Could you explain yourself a bit further on "happens-before"?

The most important thing to remember about "happens before" is that it's a transitive relation. That means, if the Java Language Spec (JLS) promises that A "happens before" B, and it promises that B "happens before" C, then you can infer a promise that A "happens before" C.

The JLS says that a write to some volatile variable "happens before" a subsequent read of the same variable.

Well Duh! Sounds obvious, doesn't it?

But it's not obvious because the JLS does not give the same guarantee for a non-volatile variable. If processor A writes the value 7 to a non-volatile int, and then some time later processor B writes 5, the JLS does not guarantee that some long time later, the final value of the variable will be 5. Processor B will see 5 (that's a different "happens before" promise, see below). Processor A could see 5 or 7, and any other processor could see 5 or 7 or whatever value the variable had initially (e.g., 0).

How the volatile promise helps

Suppose we have

 volatile boolean flag = false;
 /*non-volatile*/ int i = 0;

Suppose thread A does this:

i = 7;
flag = true;

And suppose thread B does this:

if (flag) {
    System.out.println(i);
}
else {
    System.out.println("Bleah!");
}

Thread B could print "7", or it could print "Bleah!" but because of the "happens before" guarantee, we absolutely know that thread B will never print "0". Why not?

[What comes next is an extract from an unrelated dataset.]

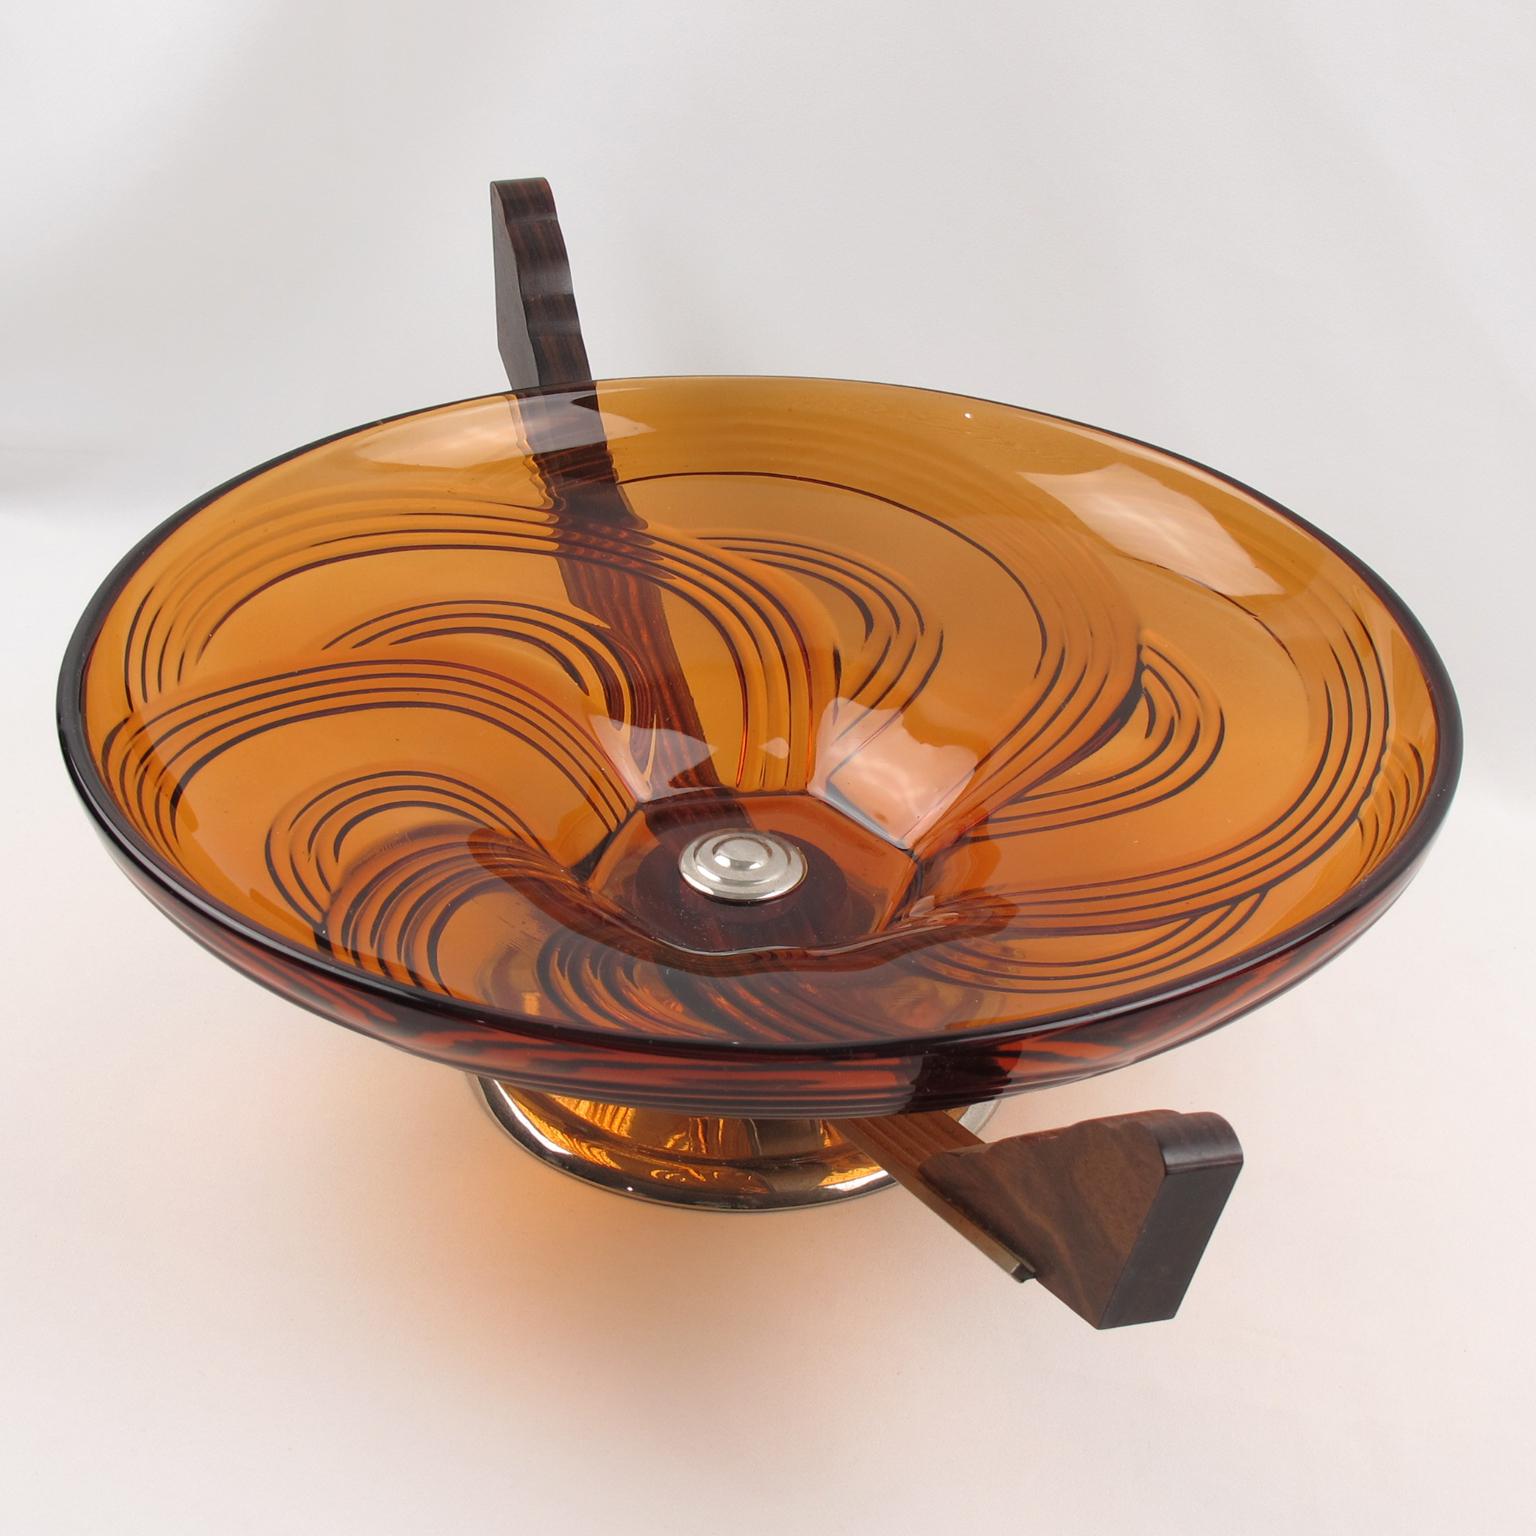 Art Deco Macassar Wood and Glass Centerpiece Bowl, 1930s For Sale 1

Thread A set i = 7 before it set flag = true. The JLS guarantees that if a single thread executes one statement before it executes a second statement, then the first statment "happens before" the second statement. (That sounds stupendously obvious, but again, it shouldn't. A lot of things having to do with threads are not obvious.)

Thread B tests flag before it prints i. So *IF* thread A previously set flag=true then we know that i must equal 7: Transitivity: i=7 "happens before" flag=true, and the write to volatile flag, IF IT HAPPENED AT ALL, "happens before" a read of the same flag.

IF IT HAPPENED AT ALL

Data Races and Race Conditions

The biggest thing to remember is that when the JLS promises that A "happens before" B, they are not saying that A always actually does happen before B: They are saying that you can depend on that transitive relationship. They are saying that if A actually did happen before B, then all of the things that "happens before" A must also have actually happened before B.

The program can print "Bleah!" because nothing prevents thread B from testing the flag before thread A sets it. Some people call that a "data race." The two threads are "racing" to see which one gets to the flag first, and the outcome of the program depends on which thread wins that race.

When the correctness of a program depends on the outcome of a data race, some of us call that a "race condition," and that's a real headache. There's no guarantee that a program with a race condition won't do the right thing a thousand times during your testing, and then do the wrong thing when it matters most for your customer.